Le Lab’Objectif 2017 consacre Octipas
Marie Corbel
Marie Corbel
Objectif organisait, le 2 mars, la 2e édition du Lab'Objectif, mettant en avant l'écosystème des start-ups régionales. Quelque 400 invités avaient répondu présents à l'Espace Dièze, à Montpellier, où la soirée a démarré avec l'intervention de Natacha Quester-Séméon, journaliste, coach numérique, et CEO de l'agence digitale YouARhere.
Consacré à la stratégie digitale à mettre en place pour développer son influence sur le web, son propos abordait un concept en vogue, celui de l'entrepreneur influenceur.
Laurent Damiron, ancien journaliste et aujourd'hui co-dirigeant de Plussh (Montpellier, 34), constate également « la volonté des entreprises d'avoir la mainmise sur leur contenu ». Mais il ajoute que l'adoption d'une telle démarche n'est pas une fin en soi pour une entreprise : elle doit s'accompagner d'une réelle réflexion stratégique.

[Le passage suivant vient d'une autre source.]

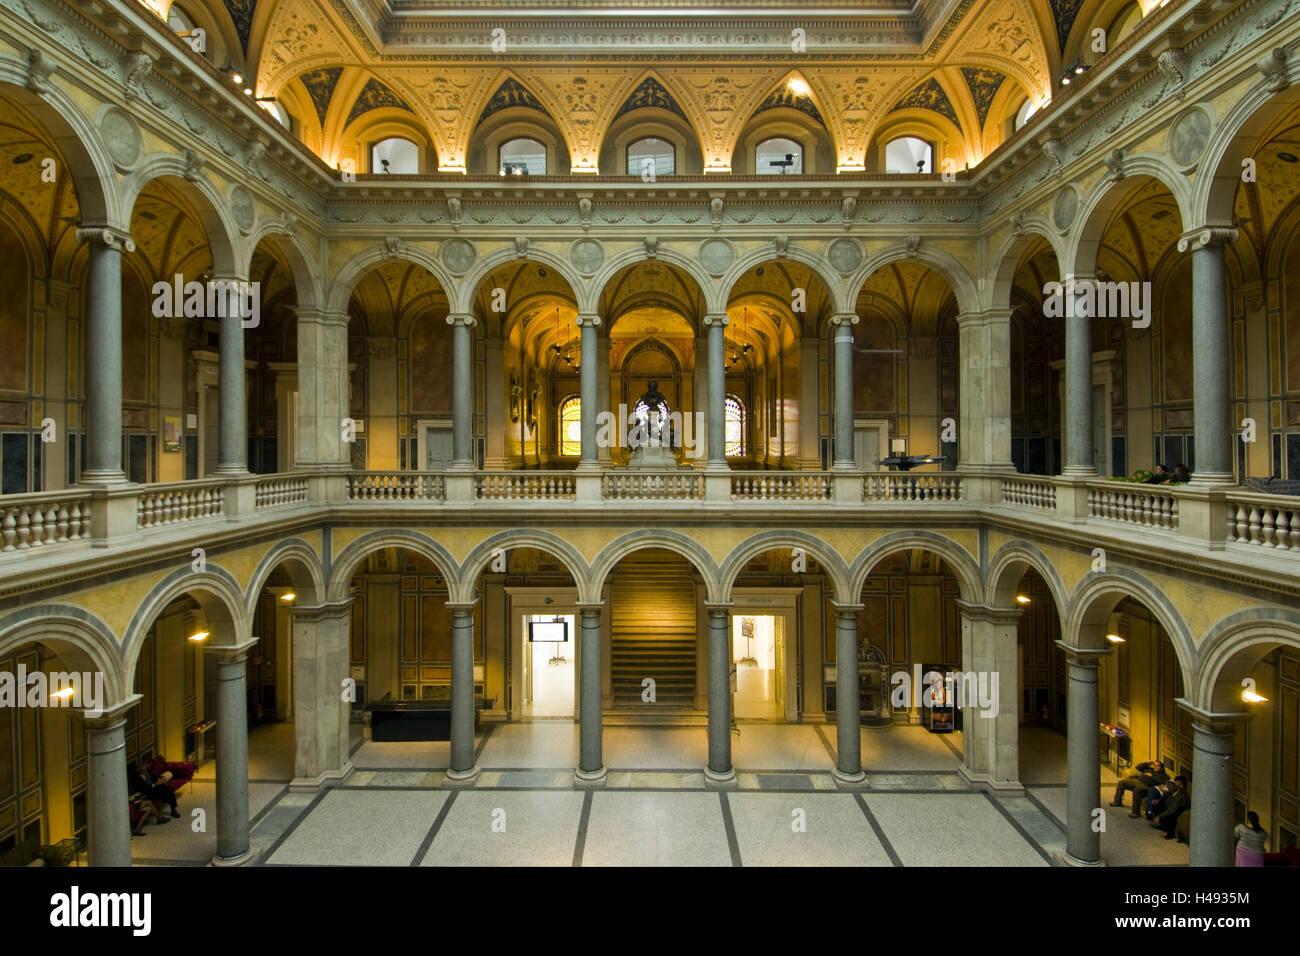 Austria Vienna Room Ring 5 Mak Austrian Museum Applied Arts The Stock Photo Alamy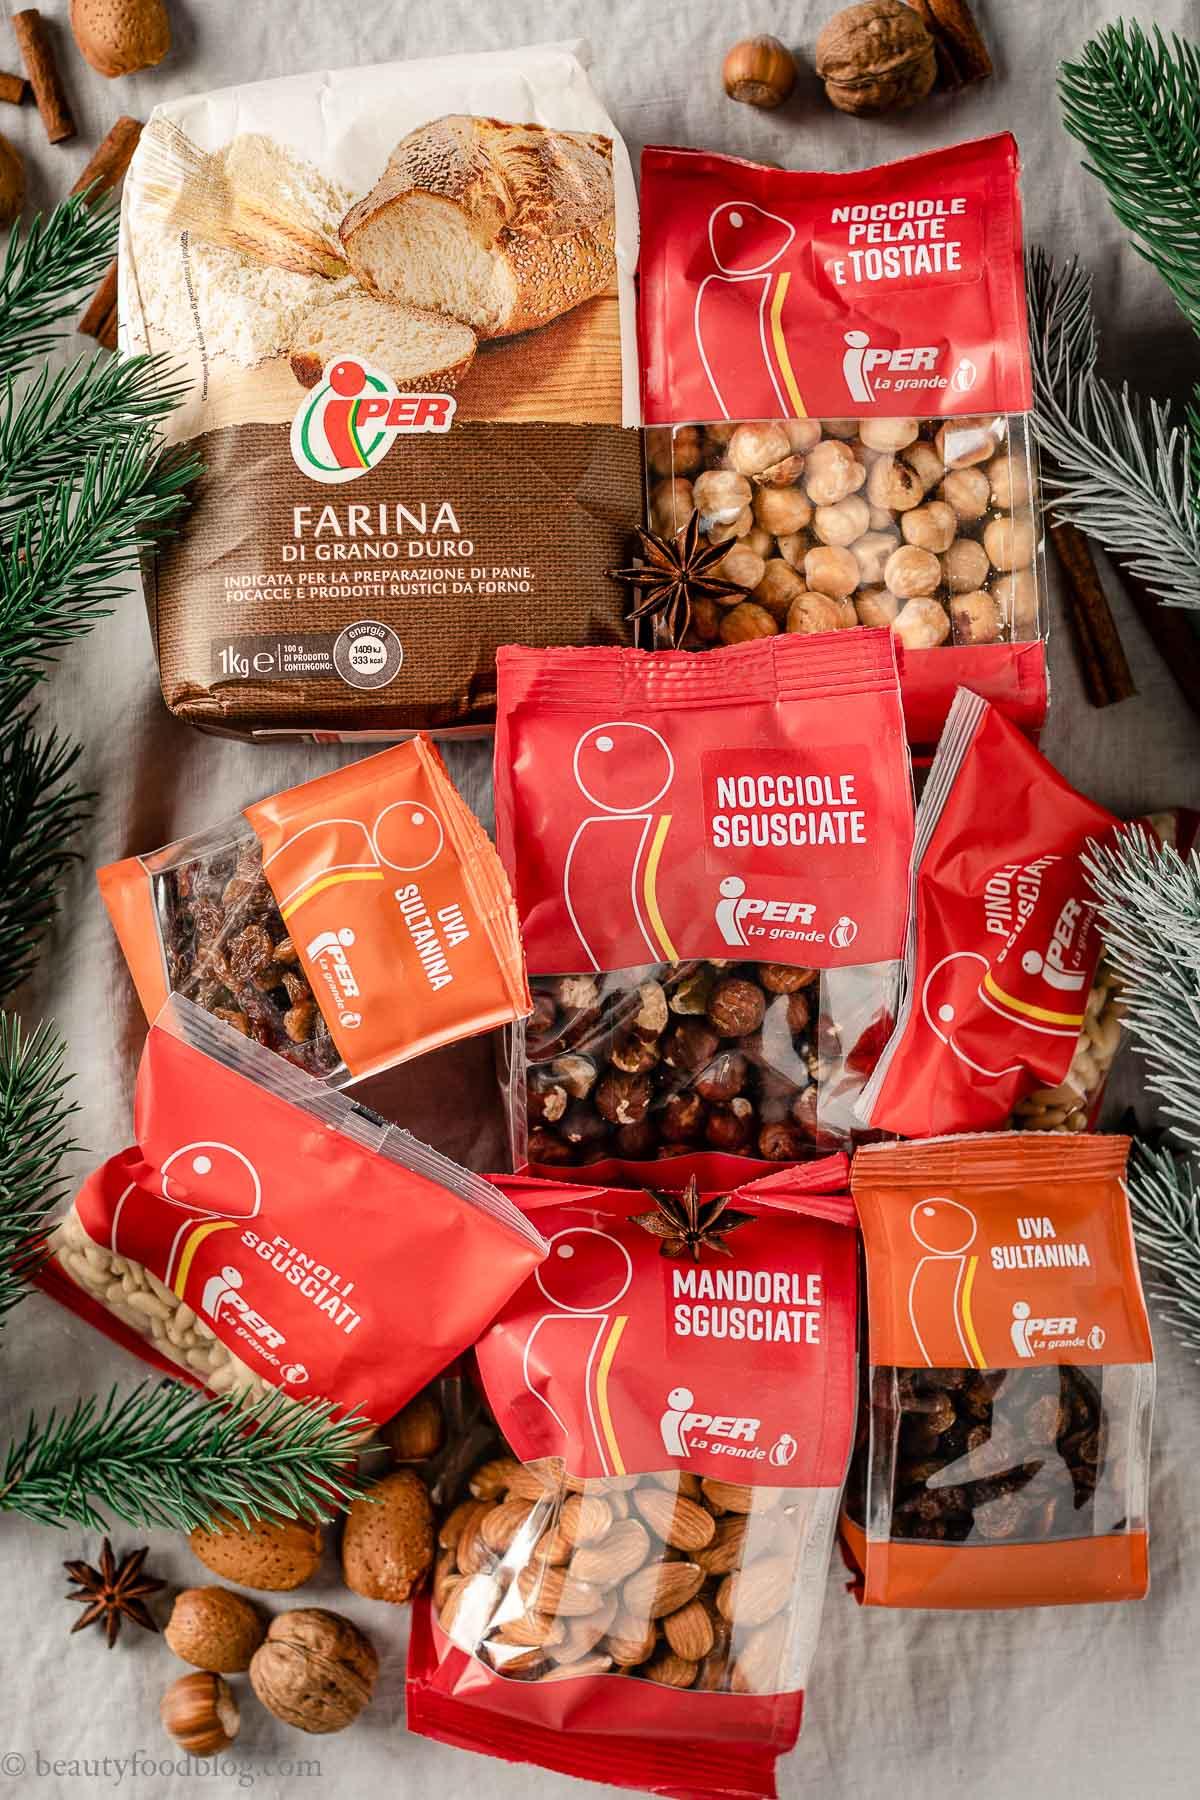 Ricetta Zelten Tirolese Originale Dolce di Natale del SudTirol Iper

La proximité générée par le média numérique entre l'entreprise et ses clients est précisément un facteur-clef du succès d'une entreprise, selon Benoît Bouffart. Ce dernier, directeur produits et innovation de Voyages-sncf.com, est intervenu en binôme avec Sabine Breton, CEO de Sud Corner, lors d'un exercice baptisé Duos de Choc dans lequel se confrontaient une vision nationale et une vision locale de l'innovation.
L'intérêt porté au client ou aux usagers finaux apparaît également comme un autre critère de réussite dans d'autres secteurs. Pour l'industrie pharmaceutique, c'est une condition sine qua non à l'adoption des innovations par le marché, comme l'affirme Stéphane Licchini, directeur du business développement et des alliances à Medincell (Jacou, 34), à Philippe Bouissou, consultant en industrie pharmaceutique.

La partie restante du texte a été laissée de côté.